Сказав это, он как-то странно и даже смешно улыбнулся, но вдруг, как бы разгорячившись, воскликнул:
– Не напоминайте мне про мой поступок три дня назад! Мне очень стыдно было эти три дня… Я знаю, что я виноват…
– Да… да что же вы такого ужасного сделали?
– Я вижу, что вам, может быть, за меня всех стыднее, Евгений Павлович; вы краснеете, это черта прекрасного сердца. Я сейчас уйду, будьте уверены.
– Да что это он? Припадки, что ли, у него так начинаются? – испуганно обратилась Лизавета Прокофьевна к Коле.
– Не обращайте внимания, Лизавета Прокофьевна, у меня не припадок; я сейчас уйду. Я знаю, что я… обижен природой. Я был двадцать четыре года болен, до двадцатичетырехлетнего возраста от рождения. Примите же как от больного и теперь. Я сейчас уйду, сейчас, будьте уверены. Я не краснею, – потому что ведь от этого странно же краснеть, не правда ли? – но в обществе я лишний… Я не от самолюбия… Я в эти три дня передумал и решил, что я вас искренно и благородно должен уведомить при первом случае. Есть такие идеи, есть высокие идеи, о которых я не должен начинать говорить, потому что я непременно всех насмешу; князь Щ. про это самое мне сейчас напомнил… У меня нет жеста приличного, чувства меры нет; у меня слова другие, а не соответственные мысли, а это унижение для этих мыслей. И потому я не имею права… к тому же я мнителен, я… я убежден, что в этом доме меня не могут обидеть и любят меня более, чем я стою, но я знаю (я ведь наверно знаю), что после двадцати лет болезни непременно должно было что-нибудь да остаться, так что нельзя не смеяться надо мной… иногда… ведь так?
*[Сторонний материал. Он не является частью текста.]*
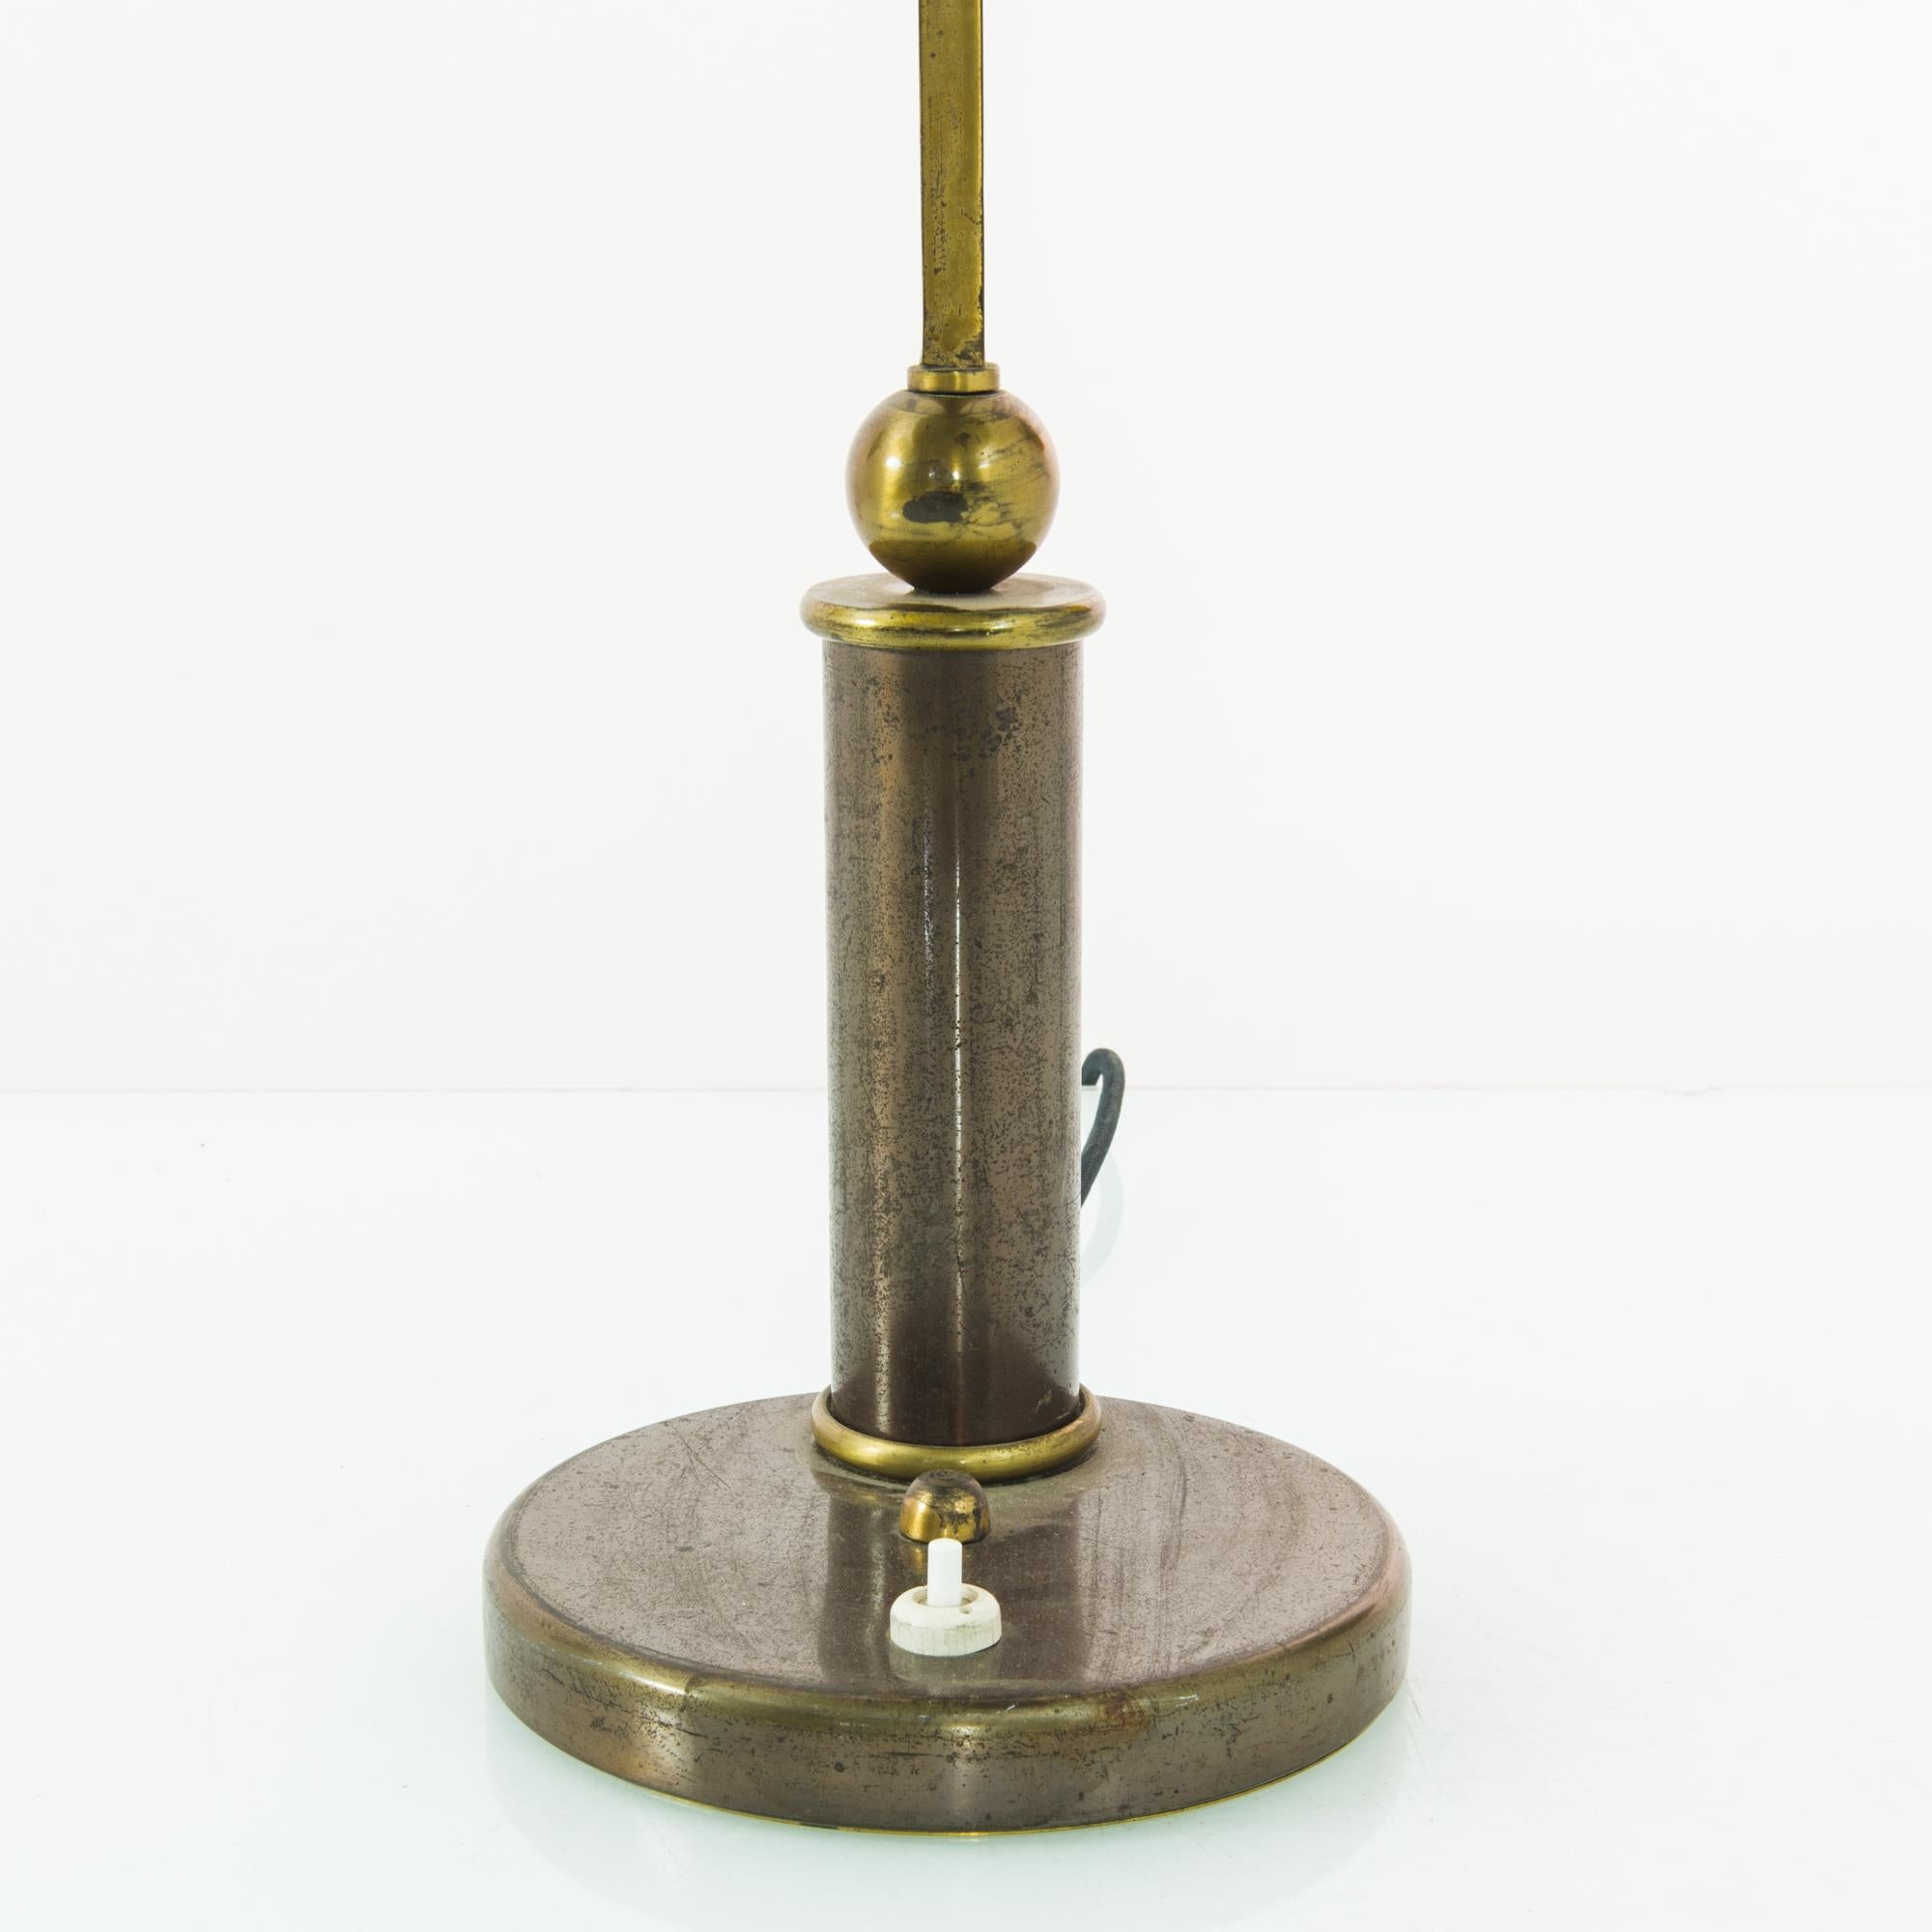 This metal table lamp was made in France, circa 1930. The generously sized dome lampshade, circular fixtures, and the globe balanced precisely on the cylindrical stand give it a geometric silhouette, hinting at an Art Deco influence. With its

Он как бы ждал ответа и решения, озираясь кругом. Все стояли в тяжелом недоумении от этой неожиданной, болезненной и, казалось бы, во всяком случае беспричинной выходки. Но эта выходка подала повод к странному эпизоду.
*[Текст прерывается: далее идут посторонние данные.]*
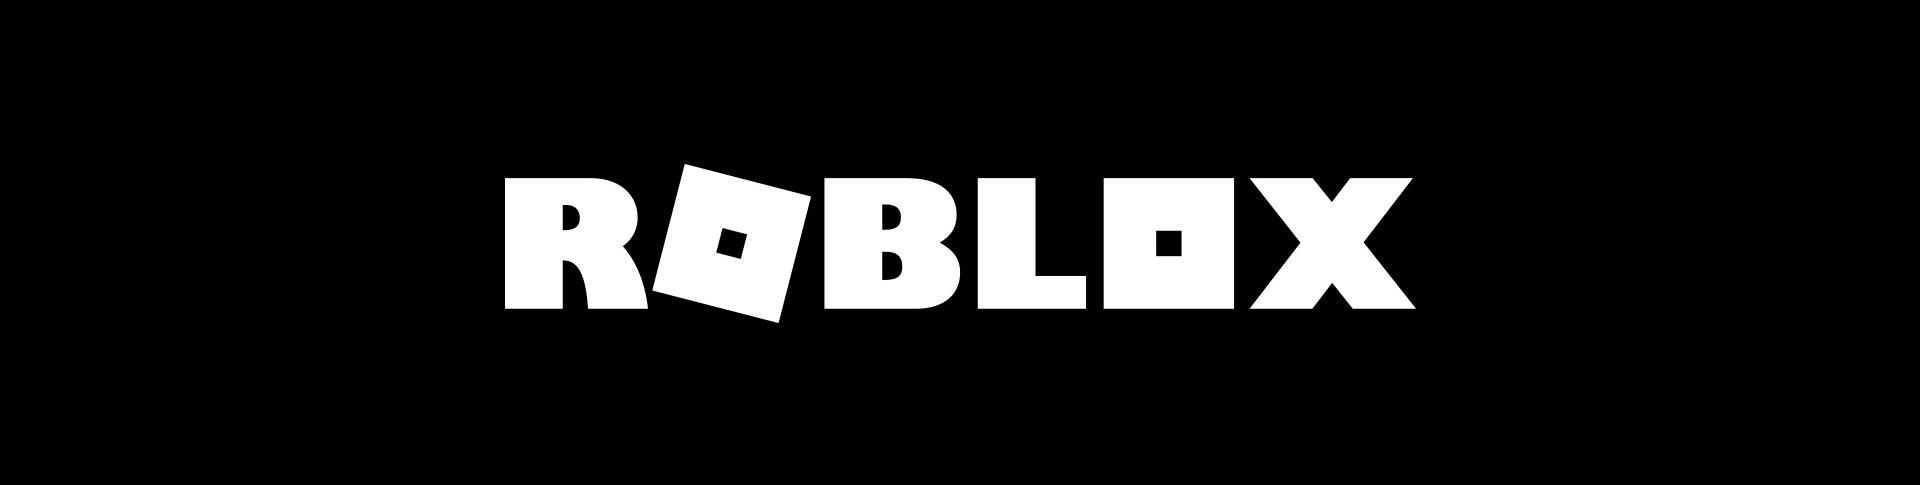 A Complete History Of The Roblox Logo Pocket Tactics - what does the roblox logo look like

– Для чего вы это здесь говорите? – вдруг вскричала Аглая, – для чего вы это
Казалось, она была в последней степени негодования: глаза ее метали искры. Князь стоял пред ней немой и безгласный и вдруг побледнел.
– Здесь ни одного нет, который бы стоил таких слов! – разразилась Аглая, – здесь все, все не стоят вашего мизинца, ни ума, ни сердца вашего! Вы честнее всех, благороднее всех, лучше всех, добрее всех, умнее всех! Здесь есть недостойные нагнуться и поднять платок, который вы сейчас уронили… Для чего же вы себя унижаете и ставите ниже всех? Зачем вы всё в себе исковеркали, зачем в вас гордости нет?
– Господи, можно ли было подумать? – всплеснула руками Лизавета Прокофьевна.
– Рыцарь бедный! Ура! – крикнул в упоении Коля.
– Молчите!.. Как смеют меня здесь обижать в вашем доме! – набросилась вдруг Аглая на Лизавету Прокофьевну, уже в том истерическом состоянии, когда не смотрят ни на какую черту и переходят всякое препятствие. – Зачем меня все, все до единого мучают! Зачем они, князь, все три дня пристают ко мне из-за вас? Я ни за что за вас не выйду замуж! Знайте, что ни за что и никогда! Знайте это! Разве можно выйти за такого смешного, как вы? Вы посмотрите теперь в зеркало на себя, какой вы стоите теперь!.. Зачем, зачем они дразнят меня, что я за вас выйду замуж? Вы должны это знать! Вы тоже в заговоре с ними!
– Никто никогда не дразнил! – пробормотала в испуге Аделаида.